Avoid creating lookup tables for every small enum by default.
Relationship Realization Guidance
| Relationship shape | Practical relational realization |
|---|---|
| 1:N | foreign key in child table |
| M:N | junction/intersection table (plus effective dates if temporal) |
| Temporal relationship | effective-dated junction or relationship history table |
| Relationship with heavy semantics | explicit relationship table as first-class object |
Foreign keys are expected in 3NF physical outputs even though conceptual MD-DDL avoids FK attributes in logical entity YAML.
Output Targets
For physical-output requests, support one or more of the following targets:
Database DDL (dialect-specific)
- PostgreSQL, SQL Server, Snowflake, Databricks SQL (as requested)
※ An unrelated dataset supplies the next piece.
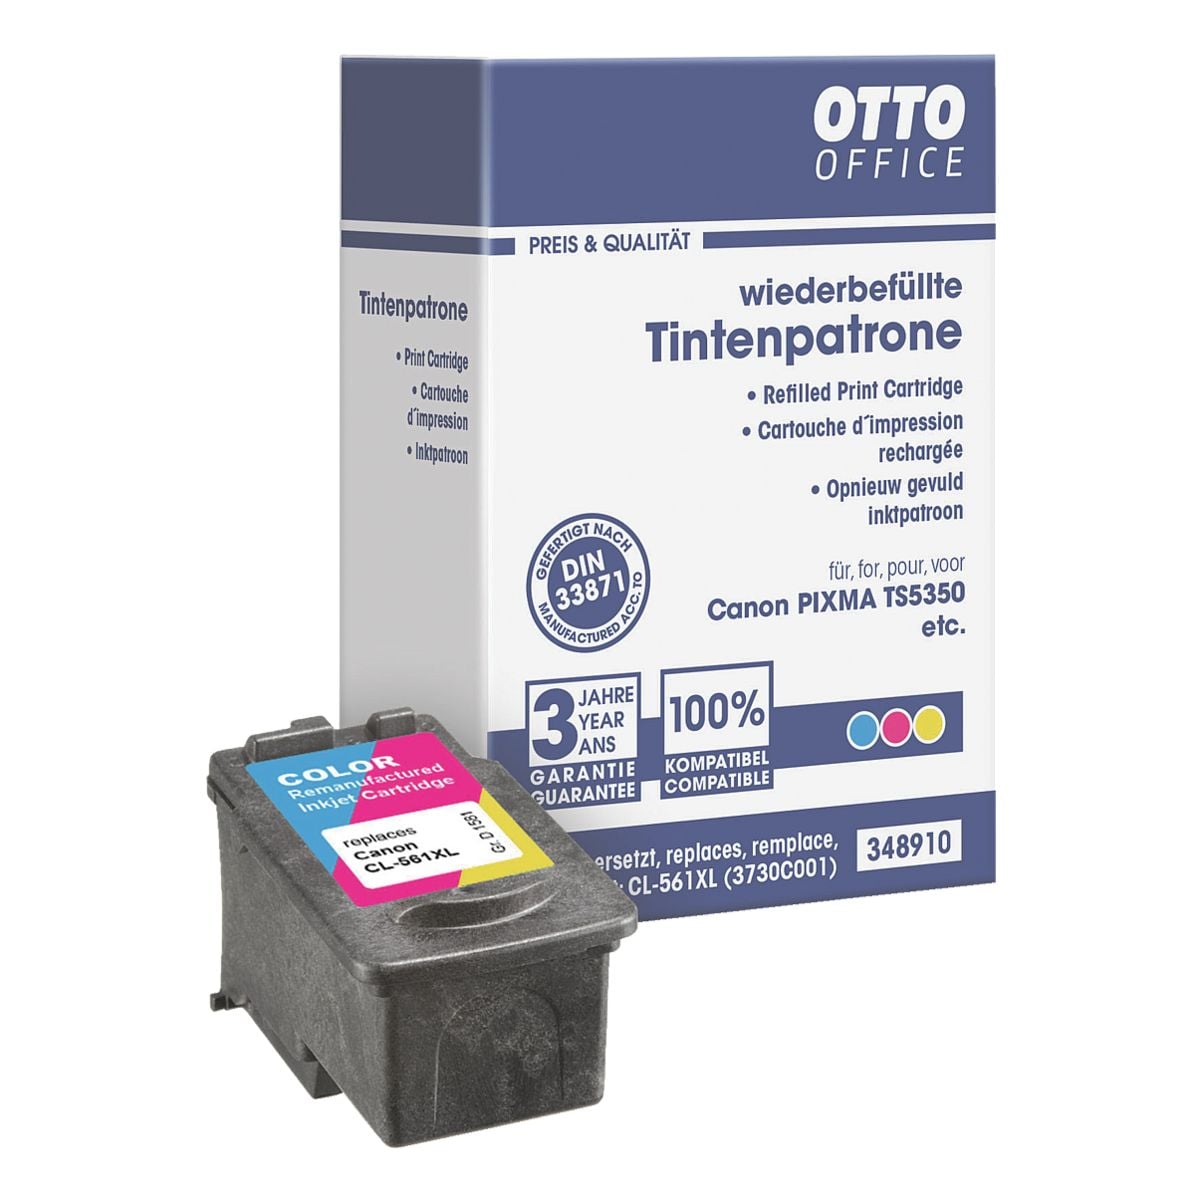 OTTO Office Tintenpatrone ersetzt Canon CL-561 XL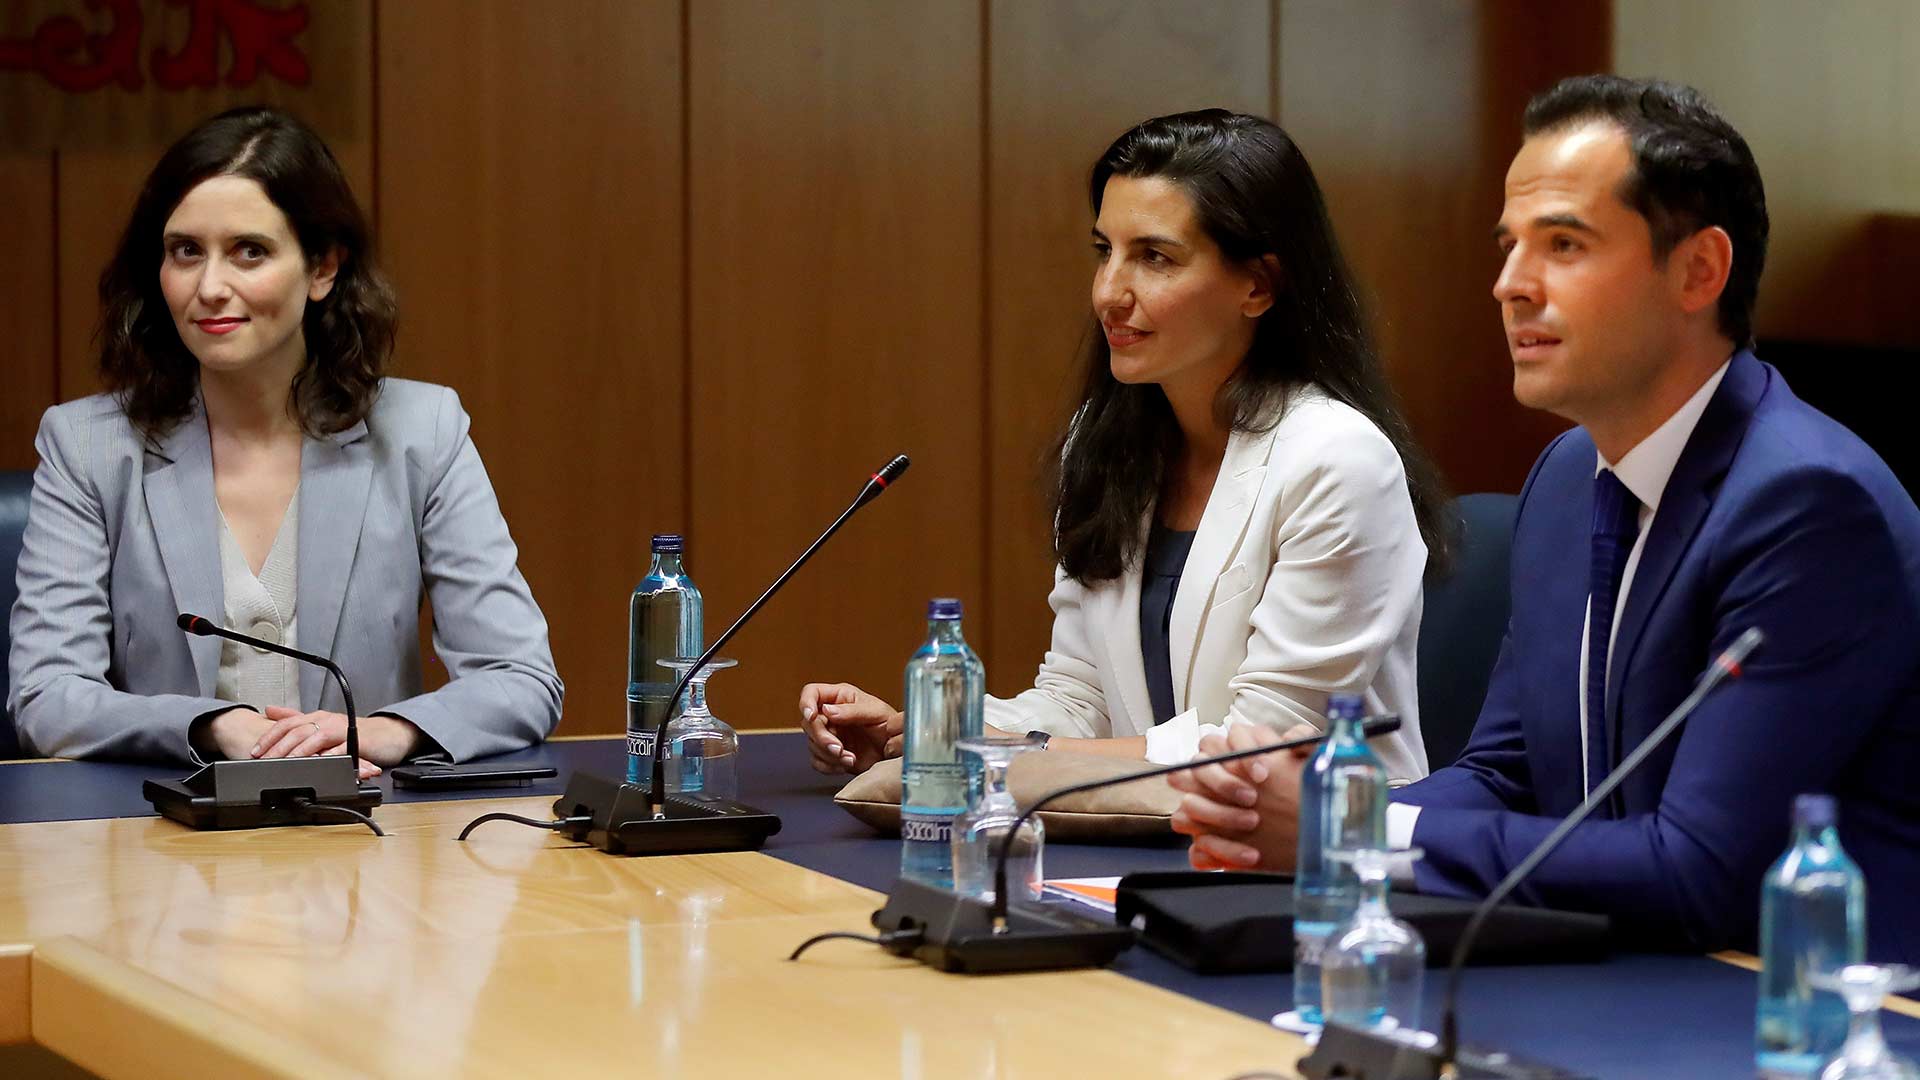 La primera reunión entre el PP, Cs y Vox fracasa y provoca una investidura sin candidato en Madrid

- include keys, FKs, constraints, indexes, and naming conventions
JSON Schema
- one schema per logical entity/table contract
- include required fields, type constraints, enums, and format hints
- include relationship references via IDs/keys where applicable
Parquet-oriented schema contracts
- define field names, logical/physical types, nullability
- partitioning recommendations for large event/transaction tables
- evolution notes (additive vs breaking changes)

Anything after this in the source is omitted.